In this episode of 15M Mastery, Dmitry Belianin sits down with Reid Rooney, CEO of Betsperts Media & Technology Group, to unpack why the next evolution of sports betting media isn’t about size. It’s about stickiness.

Rooney, whose company spans podcasts, creator collectives, and subscription platforms, believes the old affiliate media model is breaking down, and a new one is emerging. One built around loyalty, not scale. And creators, not clicks.

His insights aren’t theoretical. They’re battle-tested. And they point toward a future where media success is measured by something few betting brands are actually good at: keeping users who care.

The decline of scale-first affiliate media

Traditional affiliate media has long relied on volume-driven monetisation.
But in Rooney’s view, the economics of that model are breaking.

“You have businesses that are bringing in tens of millions of dollars on content and SEO,” Rooney explains. “And if I look at their financials and see 99.5% of their revenue is from affiliate, I know they’re in trouble.”

The core issue? Overdependence. Affiliate-only monetisation gives creators no leverage, and leaves media companies one algorithm update, or one compliance policy away from collapse.

“Your user doesn’t care whether you get $150 CPA or $400,” Rooney says. “The user wants to win. They want to bet and enjoy it. And you’re not giving them any value if you’re just trying to make a margin.”

Creators aren’t influencers, they’re the product

For Rooney, the real asset isn’t traffic. It’s the creator’s relationship with their audience.

“We don’t think of creators as influencers,” he says. “We think of them as the product. They are the product people want. So instead of trying to jam a product into a creator’s feed, we build platforms around the creators.”

This shift flips the typical approach: instead of treating creators as paid promoters, Rooney builds with them. Not around them.
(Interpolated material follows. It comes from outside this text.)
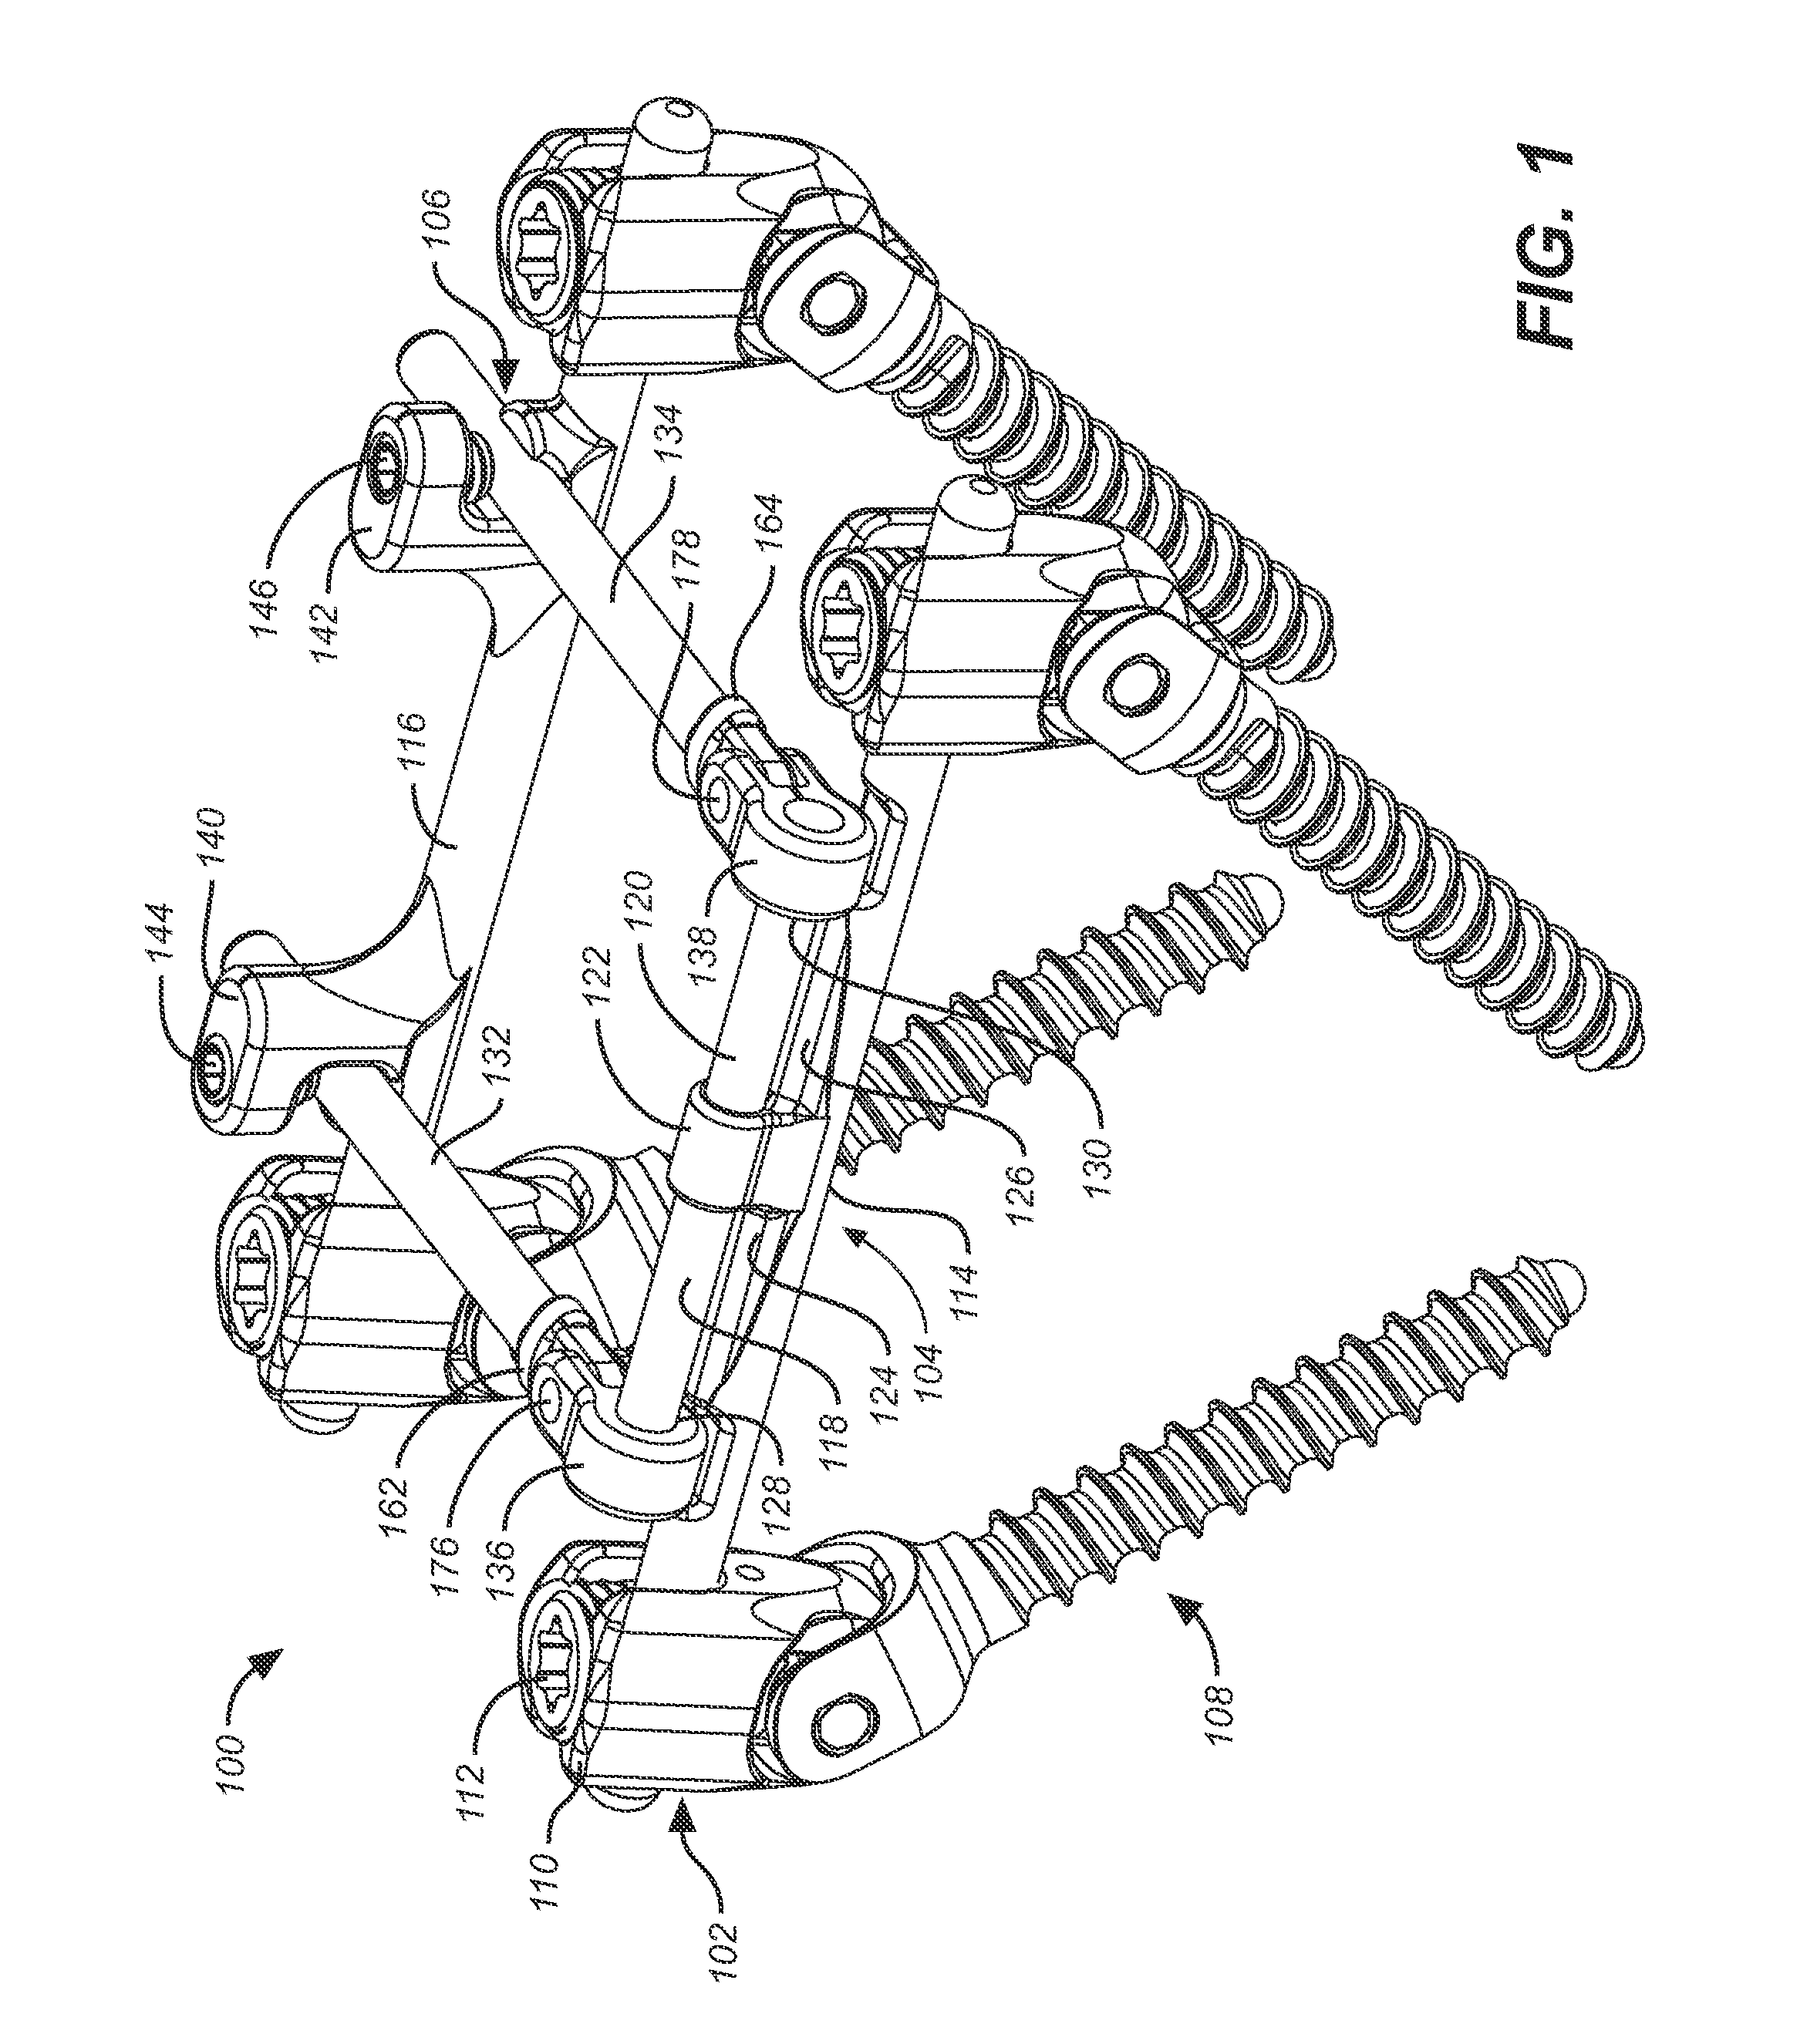 Multi-dimensional horizontal rod for a dynamic stabilization and motion preservation spinal implantation system and method

The result? More aligned incentives, more durable audiences, and a media ecosystem that prioritises user trust over conversion metrics.

“When someone listens to a podcast for 40 minutes a day and trusts that host, the conversion rate is through the roof. But more importantly, it’s repeatable.”

The business case for community-led monetisation

Betsperts isn’t just a content network. It’s a commercial experiment in retention-led media.

“If you bring a hundred users in the door and you keep 40 of them, that’s better than burning through a hundred every day. That math always works out long term.”

But building for retention means making trade-offs. Less clickbait. More value. Less programmatic scale. More relationships.

“I would rather have 1,000 subscribers paying $5 a month who listen to every episode, than 100,000 who click once and never return.”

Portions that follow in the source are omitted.